“From the Field”The article in memory of David Gallegos, PLS, in the September issue of POB commemorated the dedication and commitment David contributed to NDOT and the surveying profession in general. I’m sure he will be missed by his family and colleagues.
From the information provided in the article, he began working in surveying after graduation from high school and worked his way through the ranks to achieve professional registration and a supervisory position managing geodetic surveys. Obviously, he was an expert surveyor committed to our profession.
What a shame it would have been if he had been precluded from professional registration due to a lack of a four-year surveying degree. David is the perfect example of why a four-year degree should not be a requirement for land surveyor registration.
When I read the article, it reminded me that surveying is an applied science, and experience is the best teacher. Not that a survey education is not valuable, but a dedicated person can become a professional through commitment and hard work. I recommend to anyone desiring to be a surveyor to get formal education; it provides a strong foundation and reduces the training time. But it should not be a requirement.
James D. Hillard, PLS
“Geodetic Surveying Made Plain”You’ve done a decent job of presenting a technical forum for survey geeks, and a great job of presenting an equipment emporium. I salute your many efforts! There remains, however, a greater mission for “The Profession,” somewhat illuminated in Mr. McGray’s discovery of “new civilization.” What’s clear is that Mr. McGray refuses to allow his professional “status” to get in the way of his perspective. Thus, there just may be hope for measurers who can measure up to the challenges of a global age. Don’t count on it.
Surveyors and engineers tend to suffer from rather narrow vision since we tend to deal with minutiae as a way of life. Often the bigger picture escapes us, and then there’s the attitude thing that always and ever gets in the way of genuine collaboration. Burrowing deeper into professional peer groups will not extend one’s vision and/or technical expertise if we’re not first working on the human being. In the future just lay people will come to comprehend what has occupied us for centuries. If we cannot become expert and flexible collaborators, we’re sidelined.

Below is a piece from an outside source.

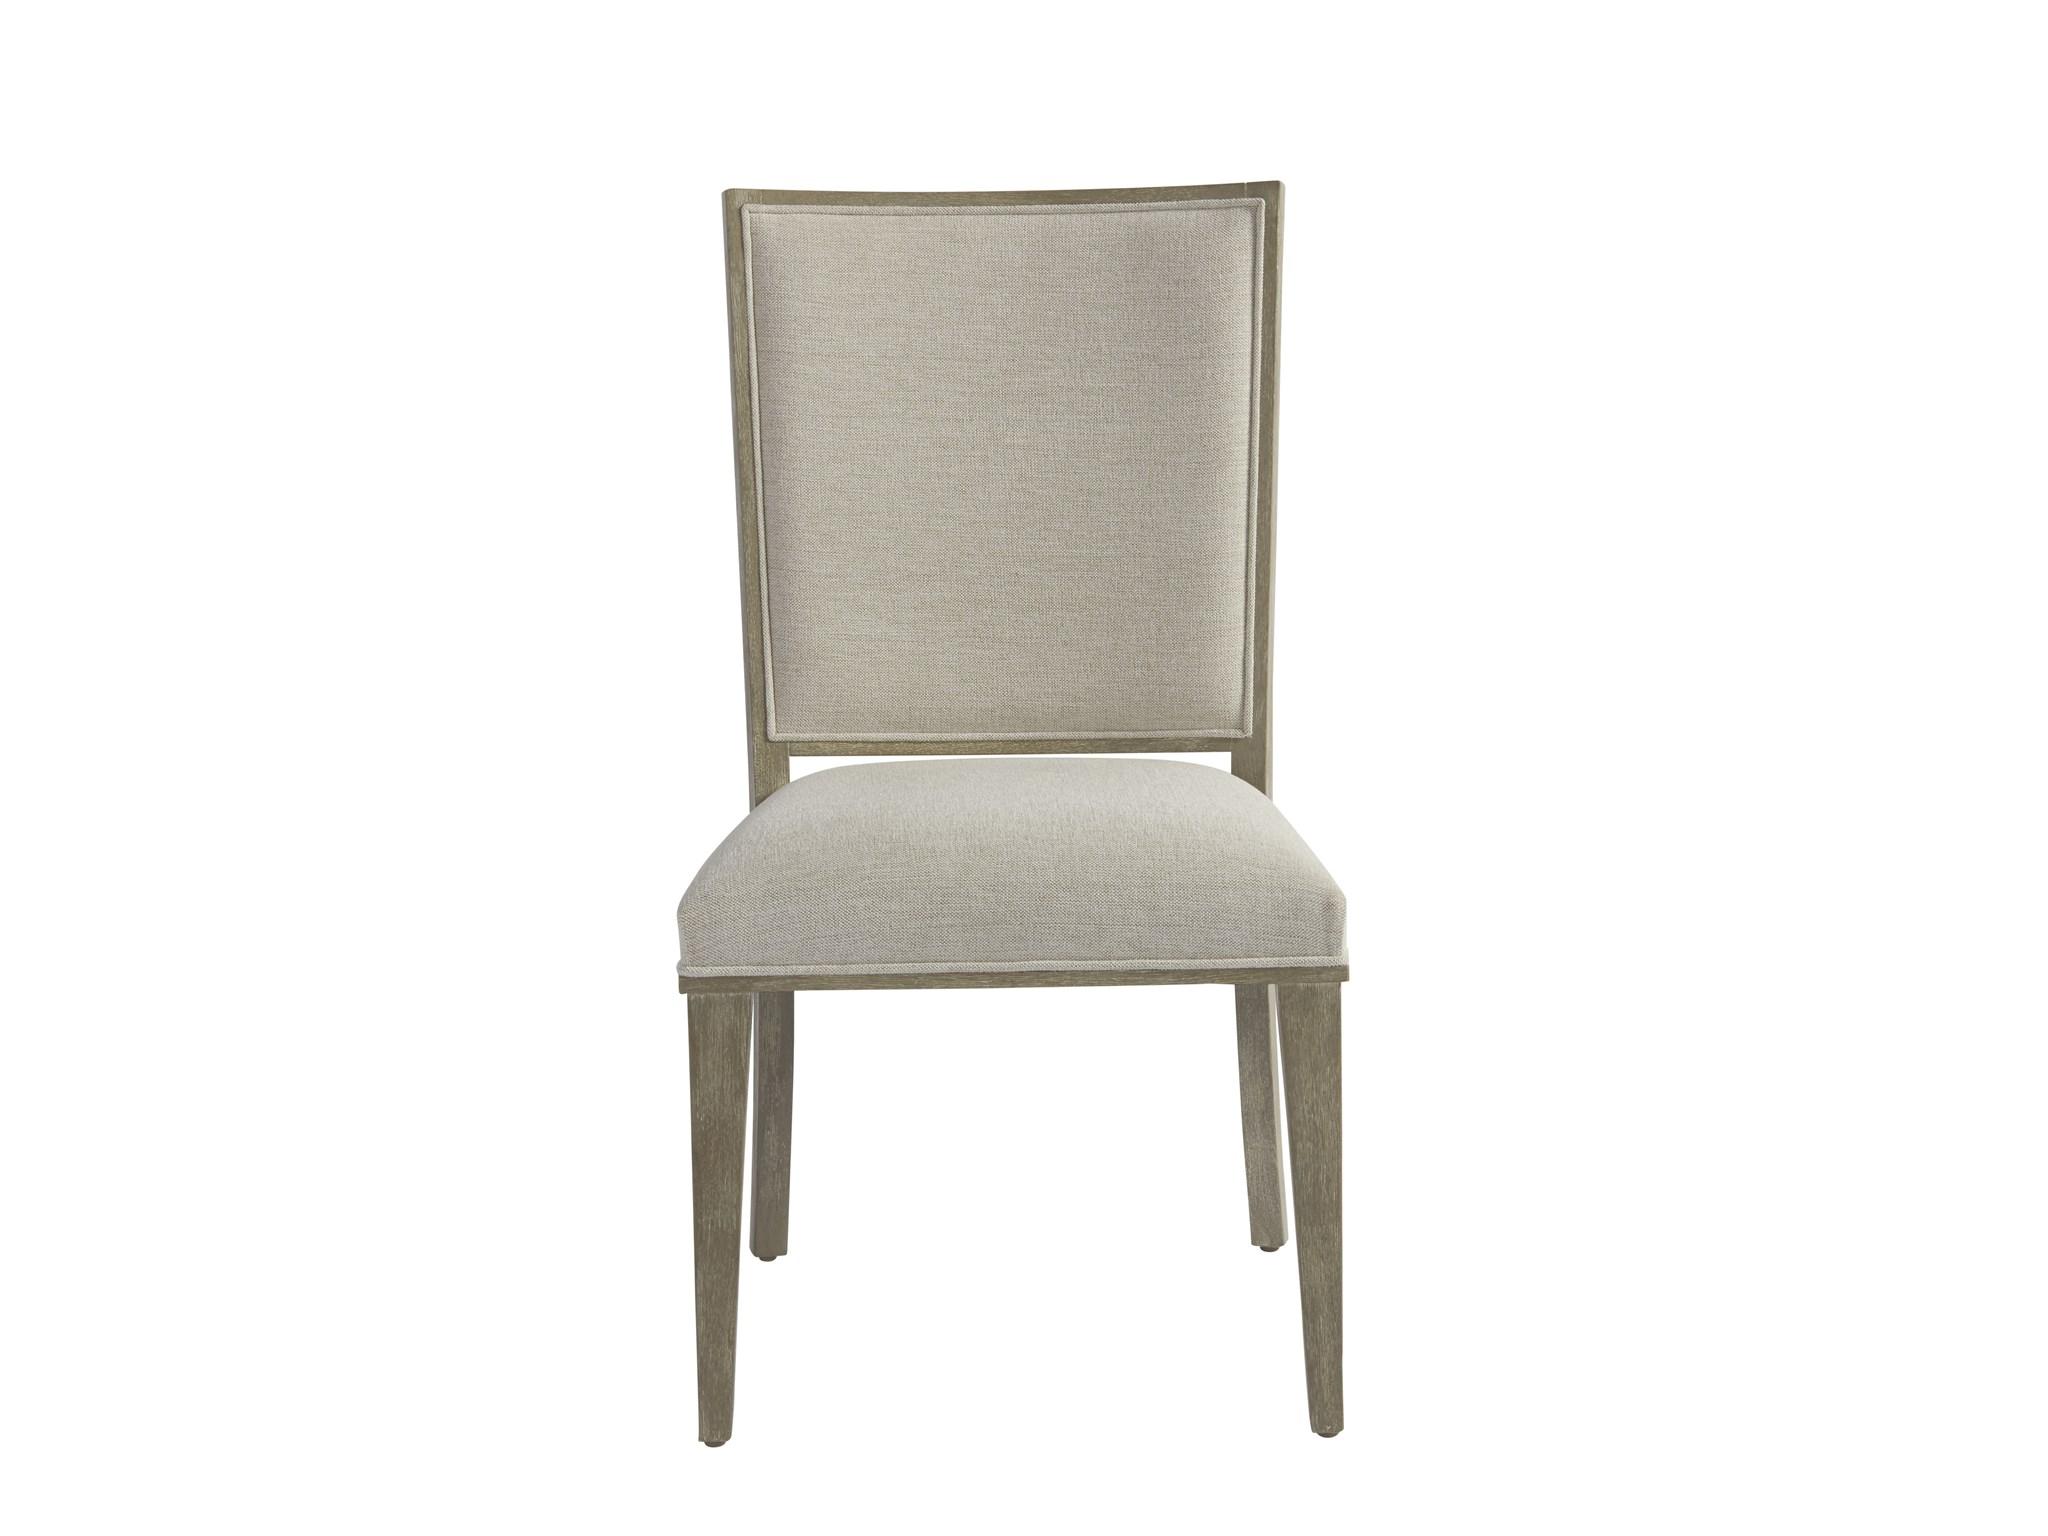 zephyr desk chair ergonomic rogan universal furniture side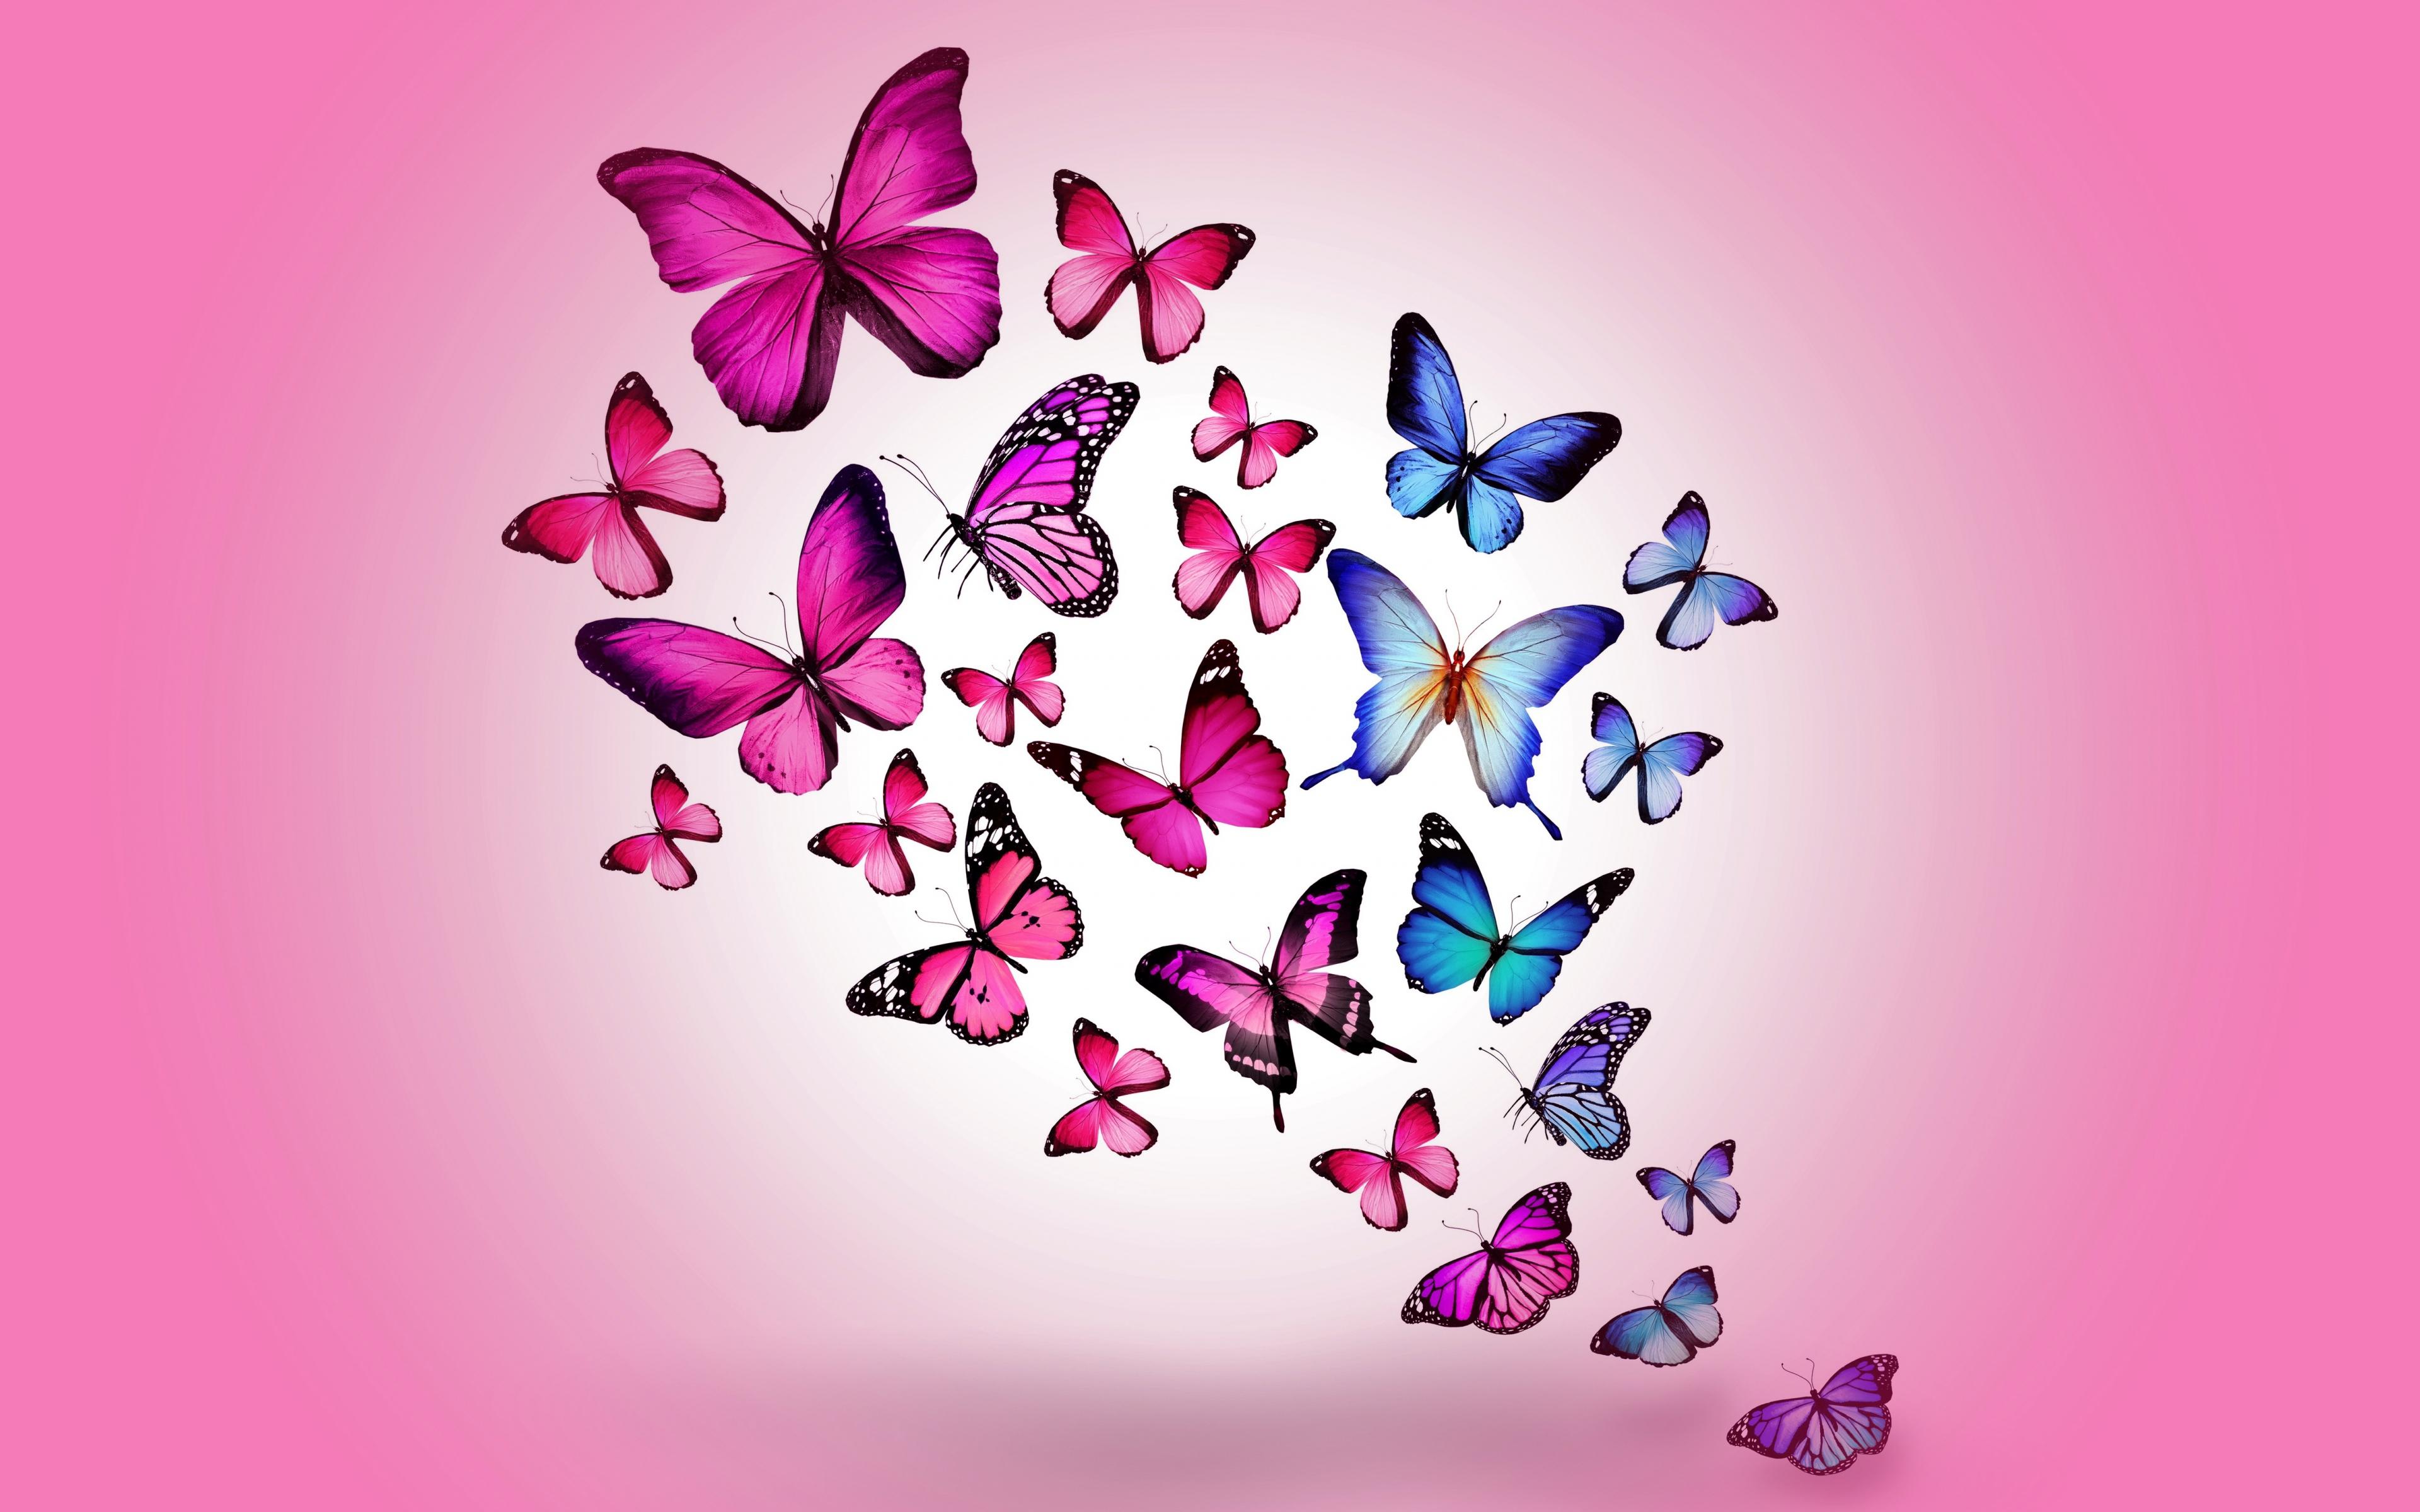 Butterfly Art 2, HD Artist, 4k Wallpapers, Images

This will mandate the loss of big belt buckle attitudes and demand a globally inclusive perspective that has ample room in it for the rest of the world. The future will present a real-world challenge for our kind.
After 40 years, I can attest to these challenges for which many surveying and engineering professionals are ill prepared. Adapt or be passed over is what the future will be saying to us. Thus, as Mr. McGray points out, it’s not “our way or the highway.” I’ll take the highway anytime, and accept real-world perspectives as a way of life. That’s why I got rid of my professional status in favor of the real world.
And I thought I was the only one who realized that we don’t get any respect because of our attitudes. There’s a whole world out there beyond straightjacket professionalism. First though, professionals like us gotta learn to meet the real world halfway or it’s gonna be the highway for sure. I won’t be seeing you at the next convention because I’m busy putting the world in perspective.